(photo by Tabitha Bird)
"Feeling unpopular as a child gets one in shape for serious writing.
Misfits spend a lot of time alone. Future writers use that time to make up imaginary playmates.
As outsiders, the develop a habit of observing others.
And being rejected by other kids
not only fills young authors-to-be with grievances in need of redress
but it gets them used to being disliked.
That puts them in a very strong artistic position.
Putting people off feels like business as usual."
~ Ralph Keys (The Courage to Write)
People have often told me I am intuitive. Now you know why.
I've spent a great portion of my life observing. After a while I was actually surprised if I fitted in. The edge of the group became so familiar.
Here's the thing, I've spent so much of my childhood and adulthood being alone that doing things my own way has become second nature.
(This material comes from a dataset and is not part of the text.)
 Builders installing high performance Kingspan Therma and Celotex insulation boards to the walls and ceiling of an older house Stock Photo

Being unpopular doesn't scare me since it's not really an issue to begin with. I'm already firmly camped on that ground.
It's not that I don't want to belong, I do. But since I often find myself on the outside of things I'm left to take creative risks with my life that don't carry with them debilitating fear of ostracising myself from others. I am left to be myself in my words, in my writing and in my living. It has served me well. The more time I spend with me the more I find out about who Tab is and what she really wants to say.
I highly recommend a bout of loneliness for sheer honesty in your writing. Get with you and find out what makes you tick. Find out what you would say if no one else was a round and then... say it.
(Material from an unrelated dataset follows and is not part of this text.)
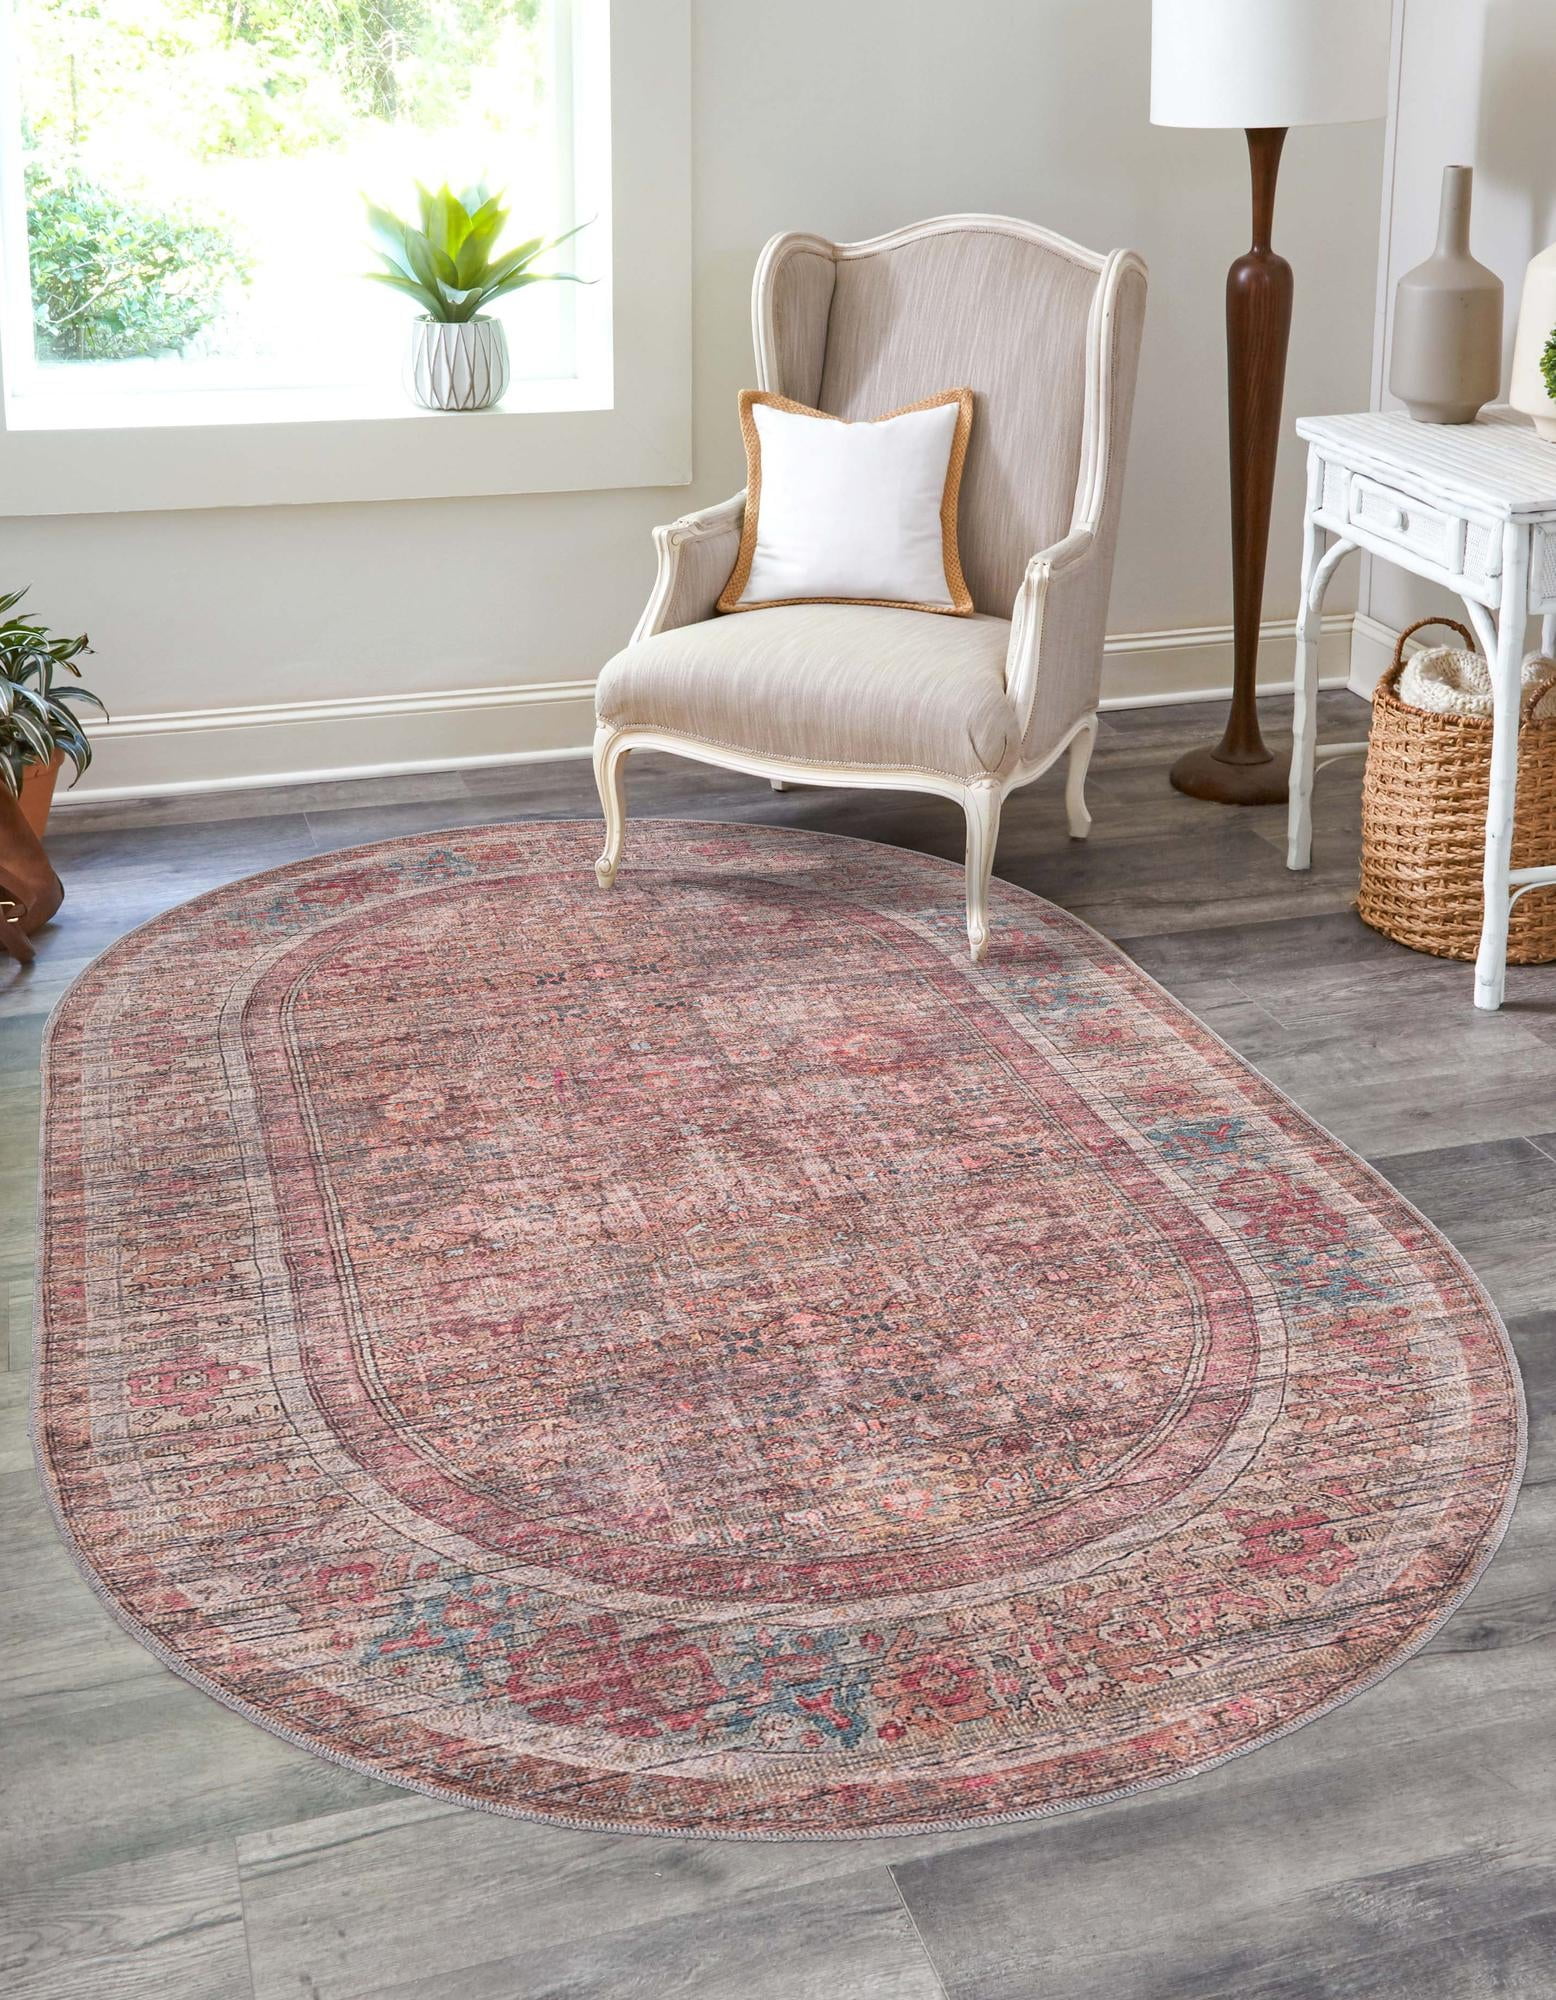 Unique Loom Euphoria Nostalgia Rug Rust Red and Brown/Beige 5' 3 x 8' Oval  Machine Washable Textured Border Modern Flatweave Perfect For Dining Room

In my humble little opinion readers appreciate the authentic writer. Eventually I've found myself surround by others who live as though no one else is watching. There's freedom in that. I get to be myself. They get to be themselves. And suddenly I have a friend, perhaps two or three who don't need to take the social temperature of everyone around them before they speak... or in the case of a writer, before they put words on paper.
What about you? Am I the only loner out there?